Merken

Wieder aufstehen lernen

Die 15-jährige Celine aus Kamenz hat ein Bein verloren. Eine besondere Therapie hilft ihr ins Leben zurück.

Teilen
Folgen
© Uwe Soeder

Von Jana Ulbrich

Kamenz. Celine lässt die Arme baumeln und schließt die Augen. Bäuchlings liegt die 15-Jährige auf einem Pferderücken und lässt sich von Ina Haue den Nacken massieren. Celine genießt diesen Augenblick und lächelt still. Das junge Mädchen aus Kamenz hat nicht viele solcher Momente, die ihr guttun.
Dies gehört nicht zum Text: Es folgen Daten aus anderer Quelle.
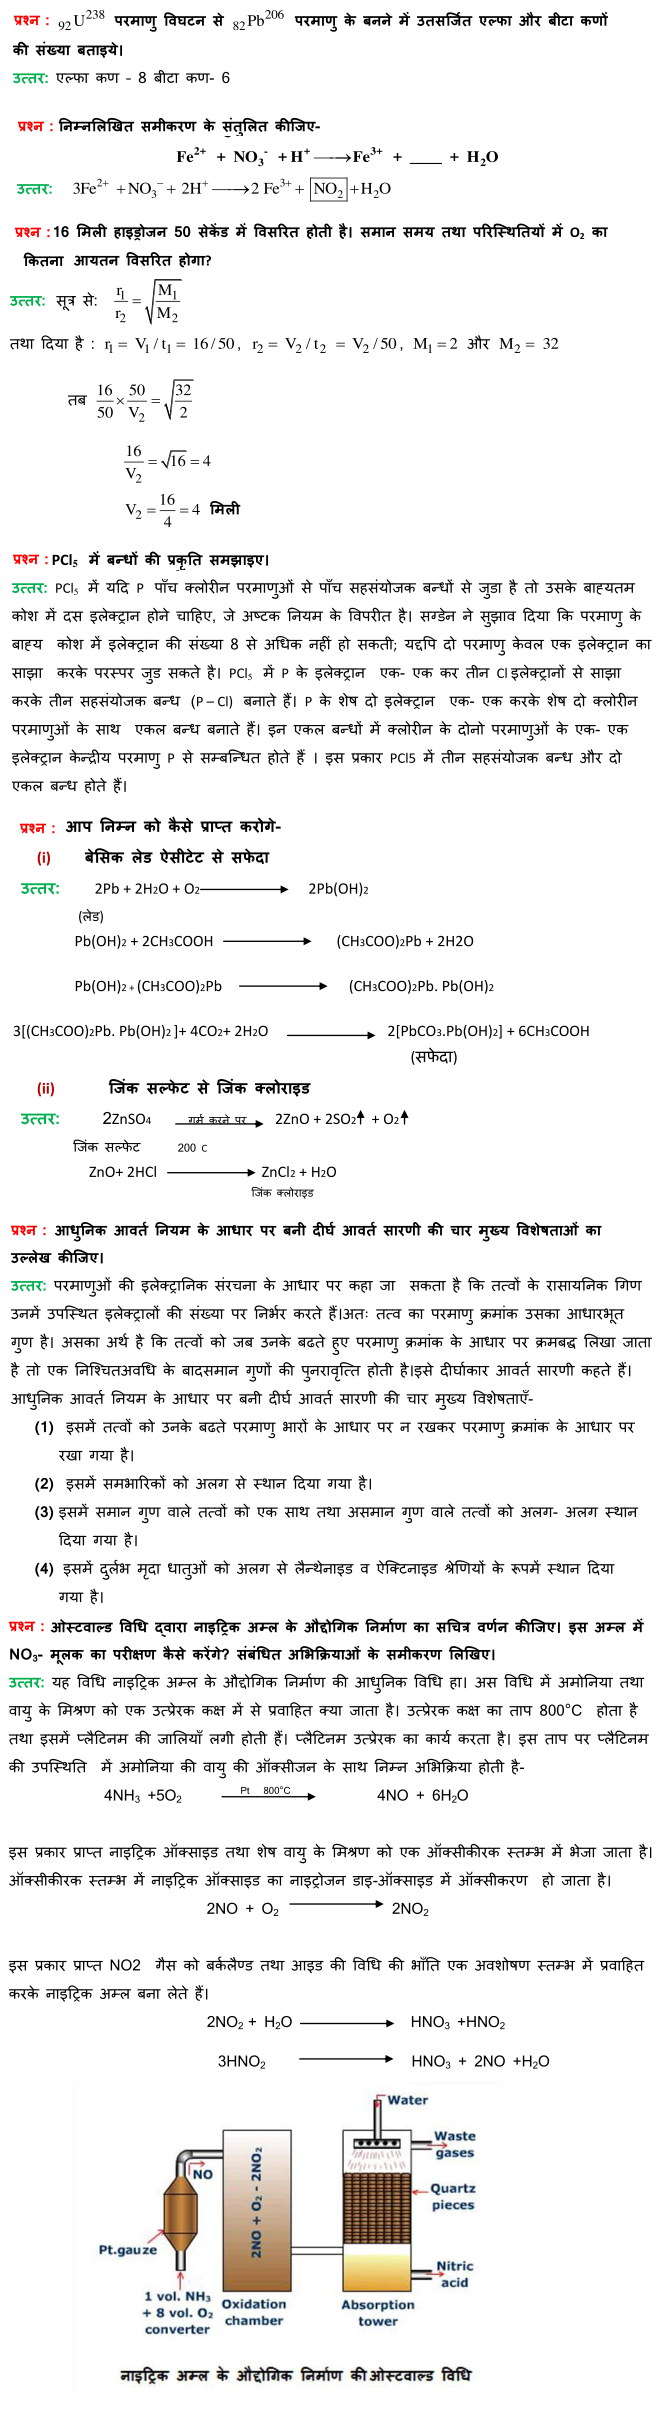 Chemistry design prac essay

Meistens hat sie Schmerzen.

Celine ist neuneinhalb, als ihr zum ersten Mal das rechte Bein wehtut. „Du wächst“, beruhigt sie ihre Mutter. Aber die Schmerzen werden immer stärker. Verena Mager geht mit ihrer Tochter zum Arzt. Celines Mutter ist Tierarzthelferin. Auf dem Röntgenbild sieht sie es sofort: „Ist das Knochenkrebs?“, fragt sie den Arzt mit zitternder Stimme. Der Arzt nickt. Celine bekommt Chemotherapie, muss am Oberschenkel operiert werden, verbringt viele Monate im Krankenhaus und in der Reha-Klinik. Die erste OP bringt keinen Erfolg. Celine ist 13 Jahre alt, als man ihr sagt, dass es noch eine Chance gäbe: Der Oberschenkel müsse ab. Celine schreit. Sie hat Angst. Sie will das nicht. Ein paar Tage später sagt sie ihren Eltern: „Wir machen das.“

Es ist eine sehr komplizierte Operation, eine „Umkehrplastik“, die nur in wenigen deutschen Kliniken vorgenommen wird. Celines Oberschenkel wird entfernt und durch ihren Unterschenkel ersetzt. Aus dem Fuß- wird das Kniegelenk, an dem nun die Prothese sitzt.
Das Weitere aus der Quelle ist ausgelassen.